16 July 2015, The Tablet

No light at the end of the tunnel


Adressing the European Parliament last November, Pope Francis issued a dire warning based on a fresco by Raphael in the Vatican. Depicting the “School of Athens”, it shows the two ancient Greek sages, Plato and Aristotle, with the former pointing upwards, and the latter, outwards. This, the Pope said, represented the constant and necessary interplay, crucial to European history ever since, between the transcendent – the heavenly – and concrete reality: the earthly. “The future of Europe depends on the recovery of the vital connection between these two elements,” he told Europe’s leaders.

As an analysis of the crisis that has overtaken modern-day Athens, his speech could hardly be bettered. The transcendental vision of peace and harmony that launched the movement towards European unity had been replaced “by the bureaucratic technicalities of its institutions” which were engaged in “laying down rules perceived as insensitive to individual peoples, if not downright harmful”. If anything, that description understates the likely effects of the harsh terms that Greece’s creditors have tried to impose on it, in return for keeping the Greek economy afloat a little longer.

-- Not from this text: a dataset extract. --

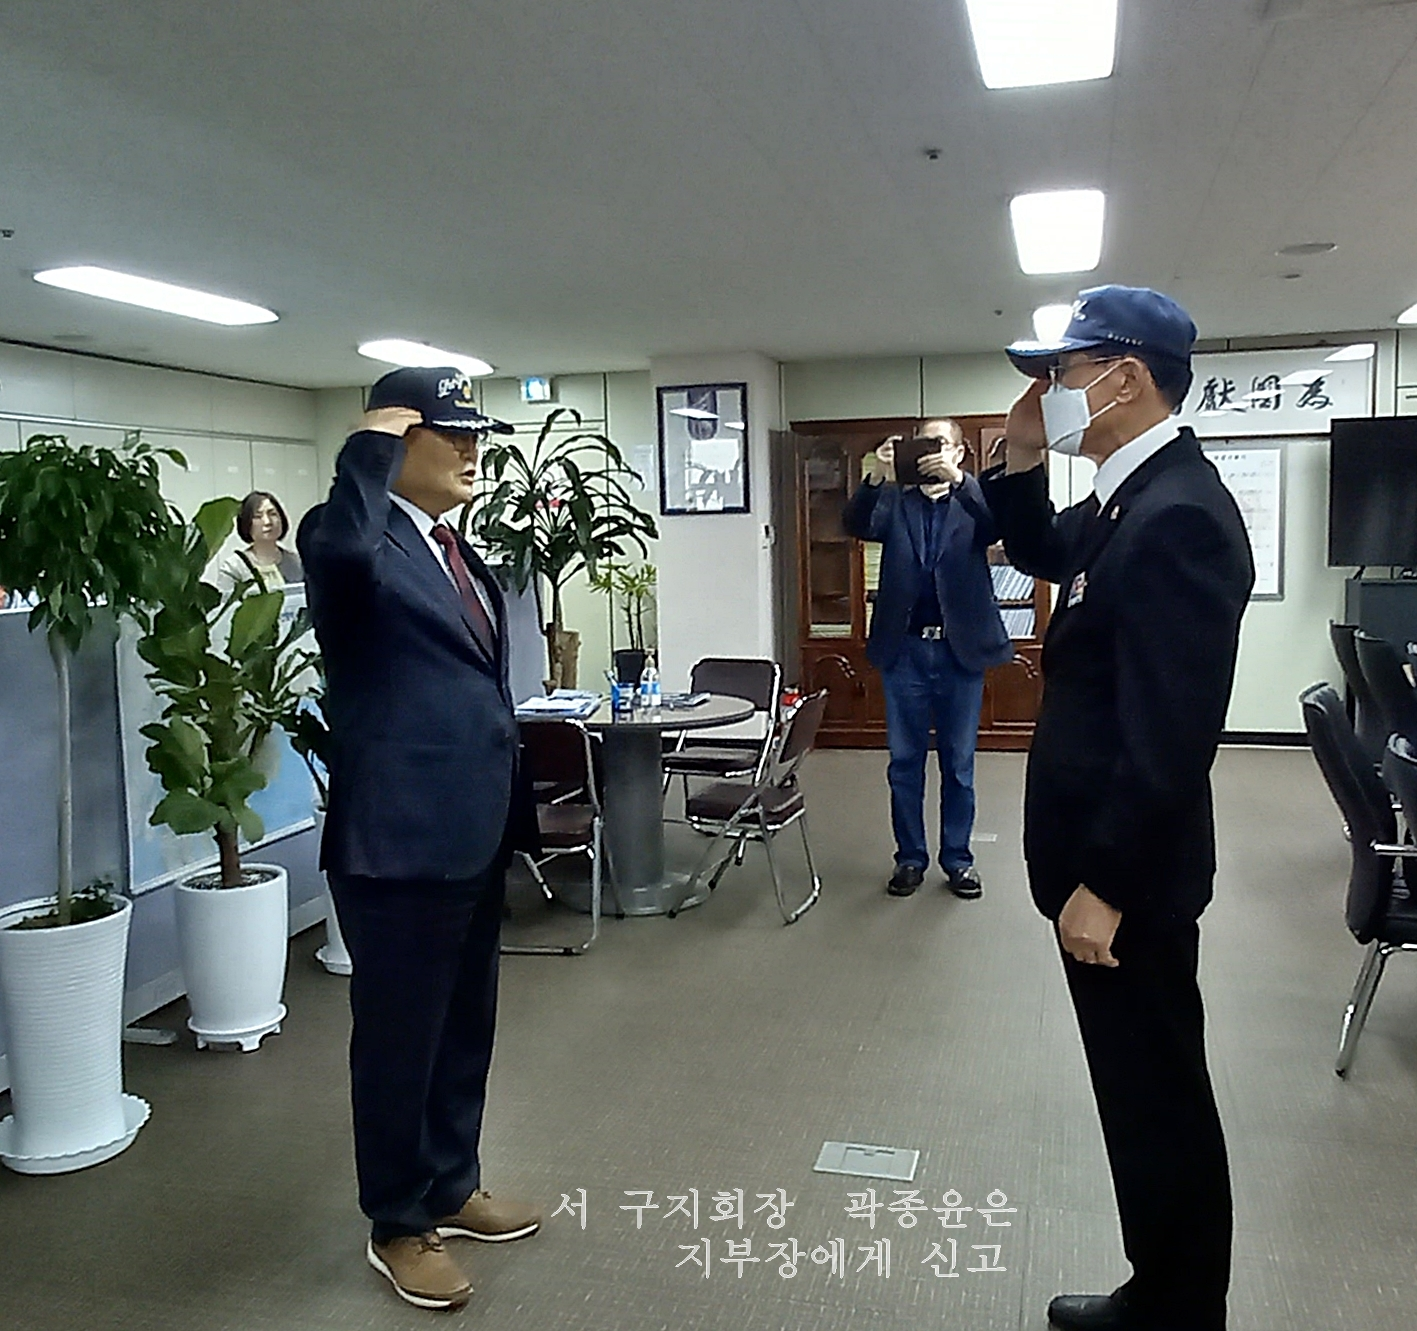 2021.5.14(금) 11:30 서 구 지회장 곽종윤에게 임명장 수여
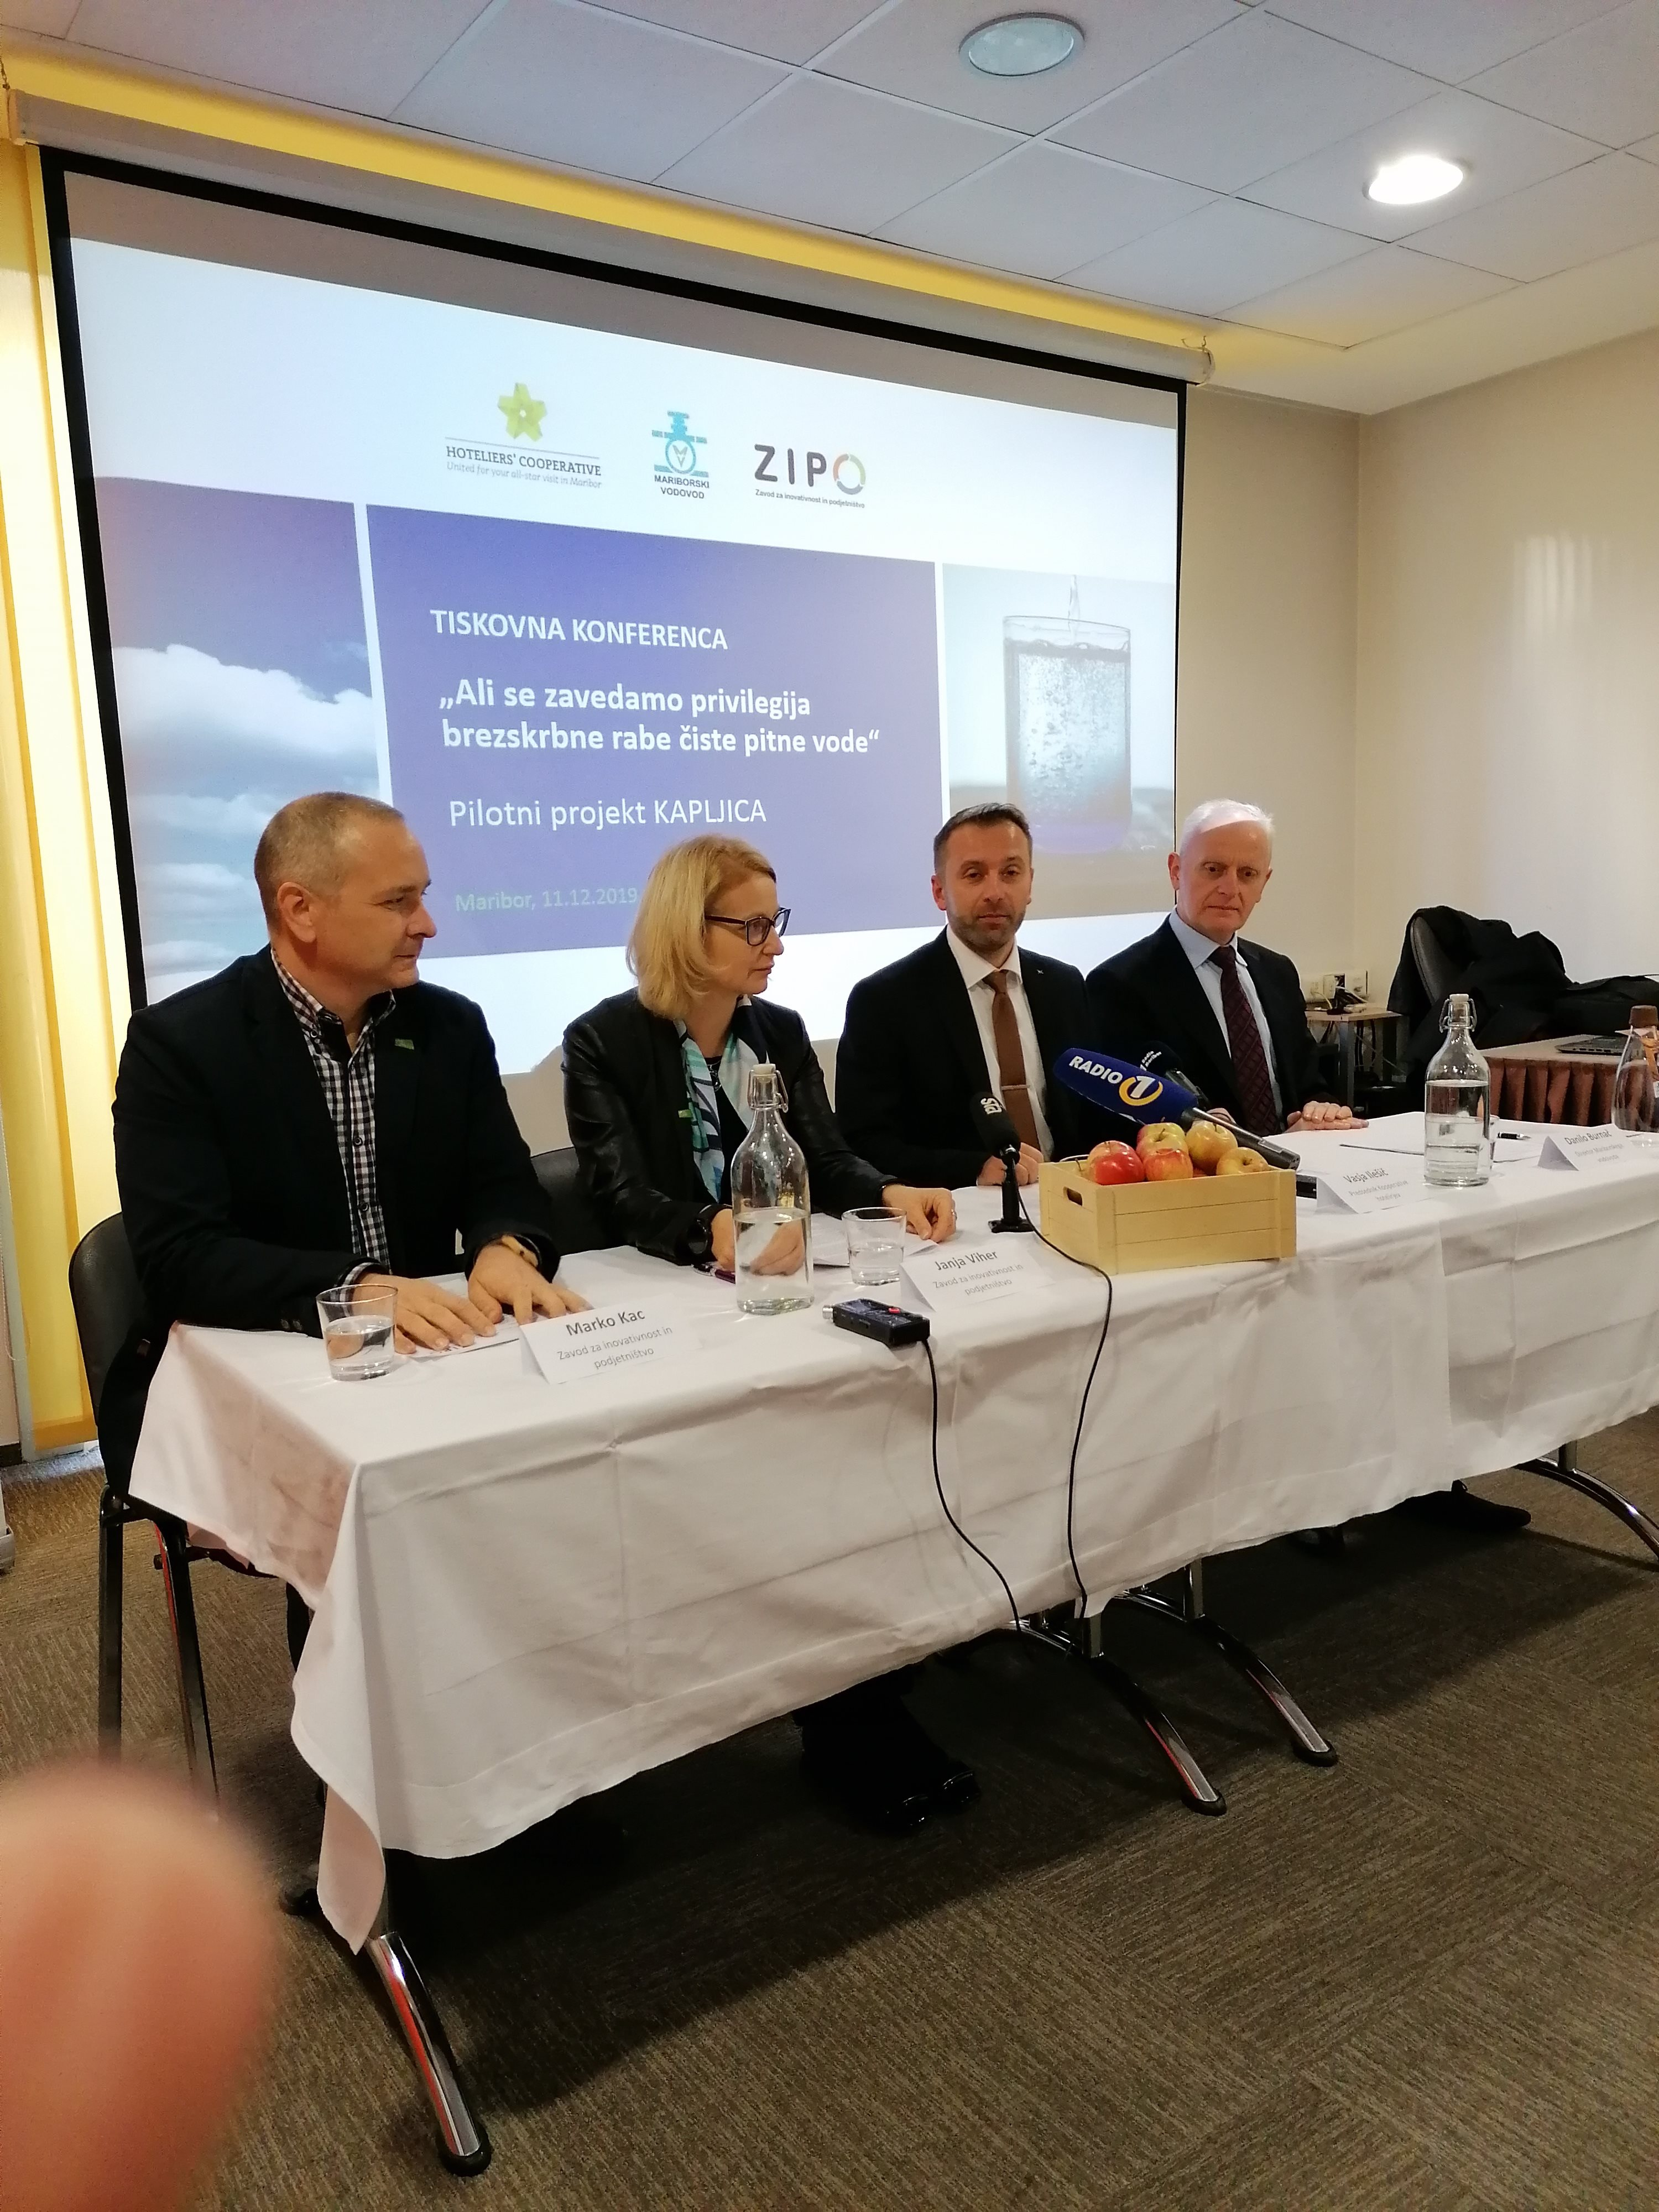 Z marketinškimi ukrepi bodo  poskrbeli za prepoznavnost ravnanja s pitno vodo.

They could even be grudgingly justified if there was light at the end of the tunnel. The sense of a necessary sacrifice in the hope of better things to come is what is enabling other eurozone countries like Italy, Portugal, Spain and Ireland to endure their own dose of austerity. The transcendent beckons, enabling the concrete reality to be faced. But Greece is different. The end of the tunnel is still dark. The International Monetary Fund, echoing the views of economists left, right and centre, sees Greece as condemned to ever-increasing penury. The expert consensus is that the proposed new bailout of the Greek economy is even less likely to work than the last one – unless there is a massive write-off of Greek debt. But that is forbidden by the “bureaucratic technicalities of its institutions” and the rules they follow. Bizarrely, Greece is being told to borrow from its creditors – new debt – in order to pay back its creditors – old debt. The money to be borrowed would not assist the Greek people, except to the extent that it would allow their cash machines to work once more; it would simply help German and other northern European banks to show a profit.

It does not take an Aristotle to see that the euro is a currency system with a flawed design. The German trade surplus is of the order of €200 billion (£140bn) a year. This comes at a cost to the remainder of the eurozone, whose trade deficit matches Germany’s surplus. In brief, German banks have been lending foreigners money to buy German goods. But the logic behind German policy, that other countries should become more like Germany, is self-defeating. Even disregarding basic historical and cultural differences, they cannot all run a surplus at once. There has to be a proper circulation of wealth, returning it from the richer north to the poorer south. The writing off of debt – anathema in Berlin and Frankfurt – is one of the ways that could happen. Unless these economic and moral flaws are addressed, however, the eurozone will become increasingly unstable. And where Greece goes today, others will go tomorrow. But that is hardly what the Pope had in mind.